Известно, что наиболее часто самоубийства случаются среди поэтов. Можно ли это как-то хотя бы отчасти объяснить? Сначала кто-то или что-то в человеке погибает; дальше он приводит все в соответствие этому. Кто погибает, что? Не верю, что поэтическое начало, способность к творчеству вообще (с ней поэт разлучается временно).
Мне кажется, что причина кризиса – не смерть “поэта”, а смерть лирического героя.
Конечно, я говорю не об упадке понятия, не об исчезновении лирического героя из современной поэзии – наоборот: может быть, сейчас этот термин, введенный в двадцатых Тыняновым применительно к лирике Блока1, актуален как никогда. Я говорю об утрате автором его собственного образа (теоретически – не единственно возможного). О смерти того “я”, которое воплощается в поэтической речи и находится в сложных отношениях совпадения-несовпадения с автором реальным.
2
Довольно распространено представление о том, что в каждом стихотворении, в котором присутствует местоимение первого лица единственного числа, есть лирический герой; что уже самой дистанции между “я” биографическим и “я” грамматическим достаточно для того, чтобы автор ею непременно воспользовался и создал лирического героя. Точнее, он может ничего специально и не создавать: лирический герой как и. о. автора в стихотворении возникает автоматически. Это представление появилось, когда подзабылось первоначальное понимание, предложенное Тыняновым и Гинзбург, подчеркнувших психологическую законченность образа лирического героя. Не в каждом стихотворении и не у каждого поэта лирический герой есть.
Во избежание путаницы предлагаю развести “лирического героя” и “лирического субъекта”. Последний – понятие более широкое, обозначающее всякое “я” поэтического текста, минимальное условие лирического высказывания; лирический герой – одна из разновидностей лирического субъекта, обладающая особыми чертами.
Тынянов определял лирического героя как образ поэта или легенду о нем, окружающую его и в каком-то смысле предшествующую поэзии2. Все это можно обозначить коротким словом “миф”. Не вполне осознаваемый (как правило) миф поэта о себе (какой-то части себя), который воплощается в тексте. Позже неоднократно подчеркивали, что этот образ – не “одноразовый”, что он актуален на протяжении некоторого корпуса текстов3. На едином лирическом герое может держаться целиком та или иная поэтическая система.

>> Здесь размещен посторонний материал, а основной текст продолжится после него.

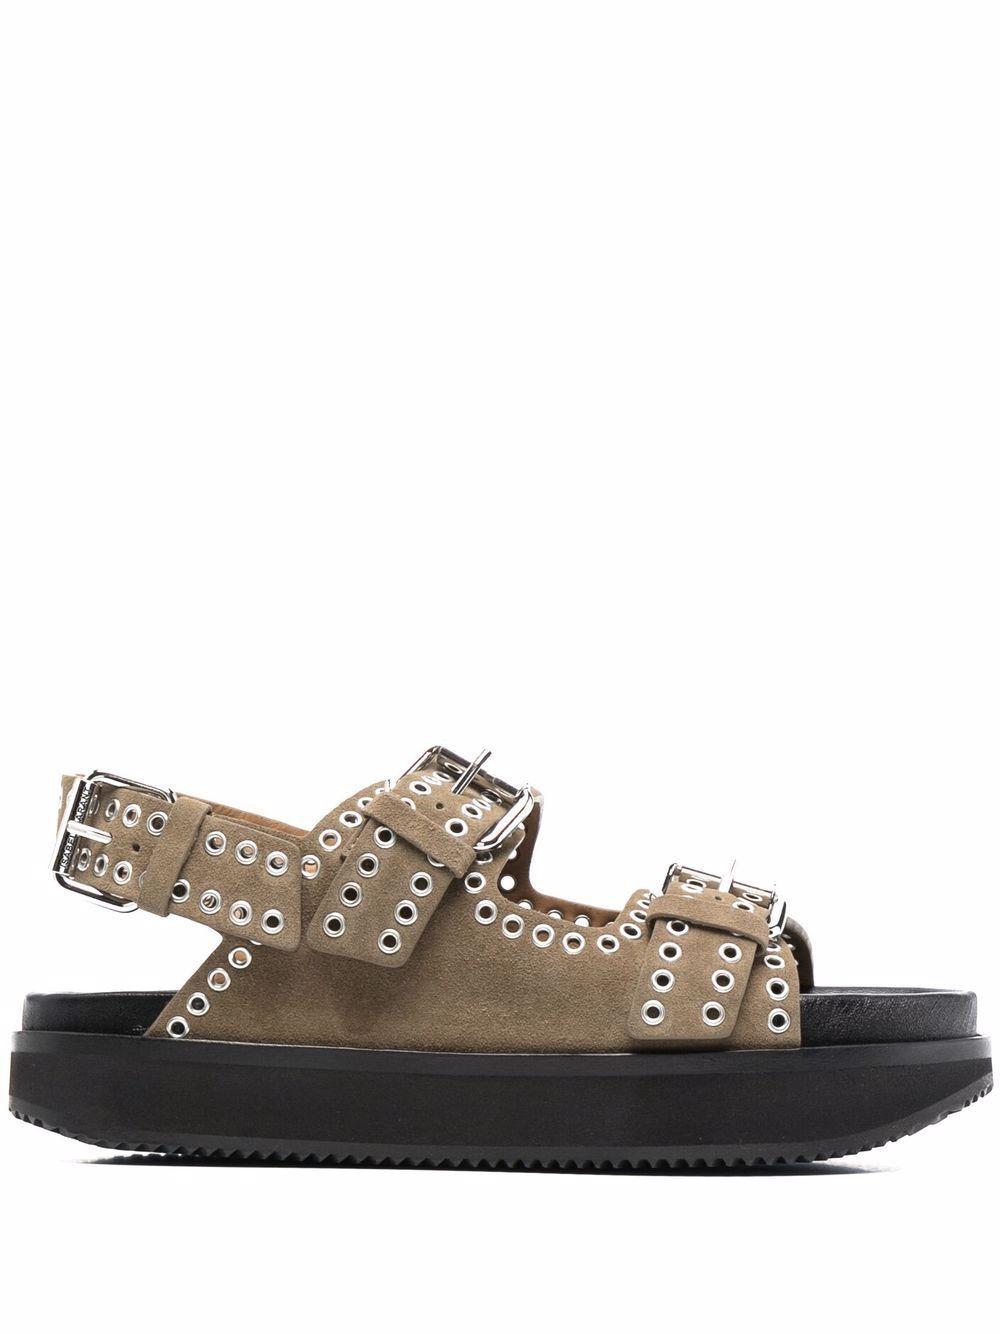 Sandalo ophie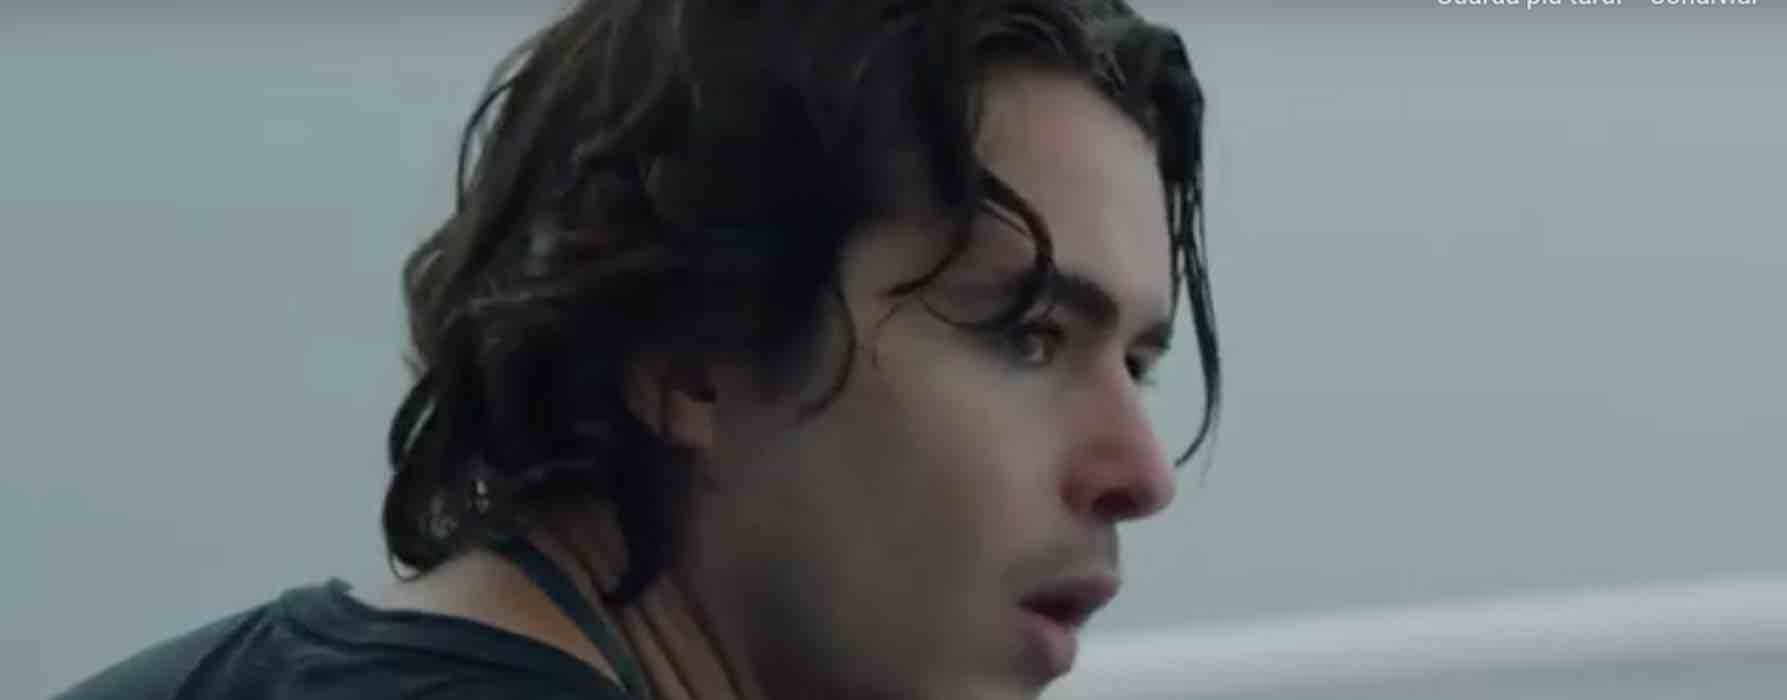 Marcus Goldman - chi è l'attore Ben Schnetzer nella serie Harry Quebert

Конечно же, лирический герой – не биографическая, но все-таки – почти личность (литературная): он воспринимается как “…жизненная роль, как лицо, наделенное определенностью индивидуальной судьбы…”4, психологический портрет, гораздо более завершенный и определенный, чем сам автор, открытый будущему и прошлому (бесконечный в потенциале своих возможностей).
Если можно так выразиться, лирический герой психологически реален (думаю, что психология скорее “показана” прозе; поэтическое начало самой поэзии – чудовищная формулировка, но сейчас границы поэзии размыты предельно! – противоположно биографизму, частной истории).
Пожалуй, наименее реален лирический герой для литературоведа, который обычно работает лишь с текстами и далеко не всегда имеет возможность лично познакомиться с их автором: для него лирический герой – персонификация возникающего при чтении представления о том “я”, которое говорит в стихотворениях. И совершенно иначе он выглядит с точки зрения слушателя, присутствующего на поэтическом вечере: здесь лирический герой выступающего поэта настолько реален, что его даже можно потрогать, то есть попытаться схватить за рукав самого автора, пока он “в образе”, пока стоит на сцене.
Сам поэт тоже может видеть своего лирического героя (иногда – сознательно моделировать его, но это редкость, “ролевая лирика”). Чаще всего он знакомится с ним постфактум.
Одажды в частном разговоре одна поэтесса (сильная и умная женщина, пишущая, помимо стихов, прозу, критику, литературоведческие исследования) пожаловалась на то, что ее лирическая героиня “просыпается” только в периоды потрясений, внутренней неустойчивости и питается несовпадениями, психологическими травмами, странными и шокирующими сторонами реальности; что ее читатели, особенно те, кто далек от филологических штудий, горячо жалеют саму поэтессу, прочитав стихи. “Я вовсе не так несчастна, как они думают!” – воскликнула моя знакомая.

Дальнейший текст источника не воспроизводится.